Equality debate can't be led by fashion, says minister Liz Truss

By Justin Parkinson
Political reporter, BBC News

Published
image copyrightReuters
image captionLiz Truss says "right-thinking people" must fight for "fairness"

The government is promising to focus more on people's social class and individual "character", as it overhauls its equality policy.

Equalities minister Liz Truss said the discrimination debate should not focus solely on race, religion, sexual orientation and disability.

Discussion had too often been dominated by "fashion" and not "facts", she said.

Labour accused Ms Truss of "gratuitous provocation" and ignoring the "devastating impact" of discrimination.

The government is launching an Equality Data Programme to gather information on people's backgrounds, social mobility and inequality between regions.

Speaking at the Centre for Policy Studies think tank, Ms Truss said: "To make our society more equal, we need the equality debate to be led by facts, not by fashion.

"Time and time again, we see politicians making their own evidence-free judgements."

She also said discussion had "been dominated by a small number of unrepresentative voices, and by those who believe people are defined by their protected characteristic and not by their individual character".

The Equalities and Human Rights Commission lists protected characteristics - over which it is illegal to discriminate - as age, disability, gender reassignment, marriage and civil partnership, pregnancy and maternity, race, religion or belief, sex, and sexual orientation.

'Real concerns people face'

Ms Truss argued that data based solely on these characteristics is not fit for purpose when it comes to setting equality policy.

The equalities minister said: "Underlying this [approach] is the soft bigotry of low expectations, where people from certain backgrounds are never expected or considered able enough to reach high standards.

"This diminishes individual humanity and dignity, because when you choose on the basis of protected characteristics, you end up excluding people."

Ms Truss added that it was "appalling" that pregnant women suffer discrimination at work", that women may "be encouraged to dress in a certain way to get ahead", and that "some employers overlook the capabilities of people with disabilities".

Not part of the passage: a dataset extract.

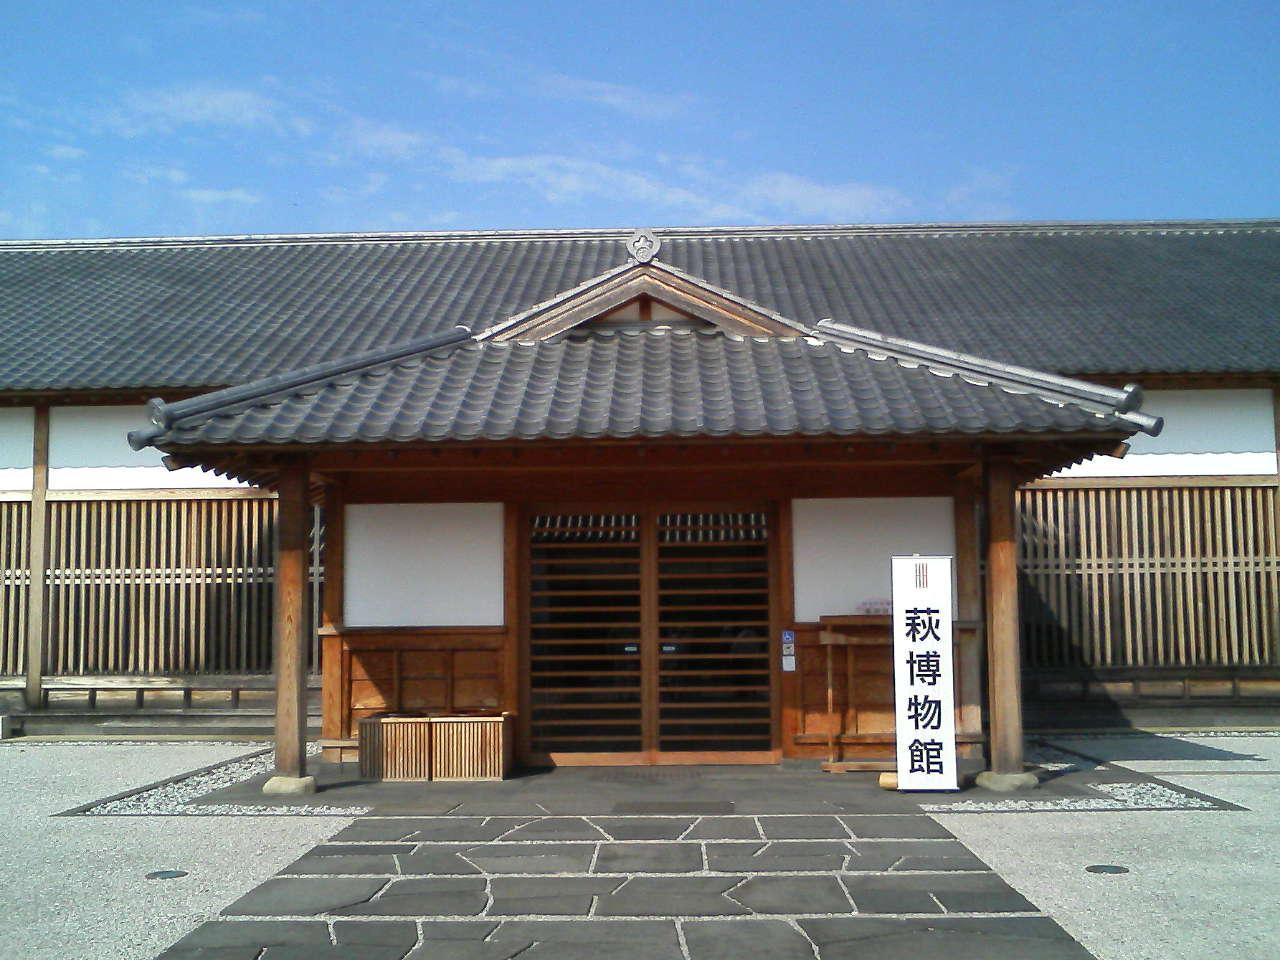 萩博物館はイベントたくさん!割引料金でお得に!アクセス・駐車場・展示物は?

Debates on equality must be "rooted" in "real concerns people face", she said, adding: "It is our duty to deliver, because if right-thinking people do not lead the fight for fairness, then it will be led by those whose ideas do not work."

'Whitewashing'

For Labour, shadow equalities minister Marsha de Cordova said: "This is gratuitous provocation from a government that consistently refuses to face up to its responsibilities and the widening inequality it has caused.

"When Liz Truss dismisses 'fashionable' causes, she actually dismisses the devastating impact of discrimination and unfairness in people's day-to-day lives."

Halima Begum, chief executive of the Runnymede Trust, a racial equality think tank, said: "Liz Truss's attempts to 'overhaul' the equalities work in the UK is nothing short of a whitewashing of British history and its relationship with race."

She also said: "It is time that equalities ministers in this government are held accountable for their words."

The government announced on Wednesday that its report into racial inequality will be delayed until next year, citing problems caused by the coronavirus pandemic.

It is looking at health, education and criminal justice, but also "wider inequalities" such as issues faced by working-class white boys.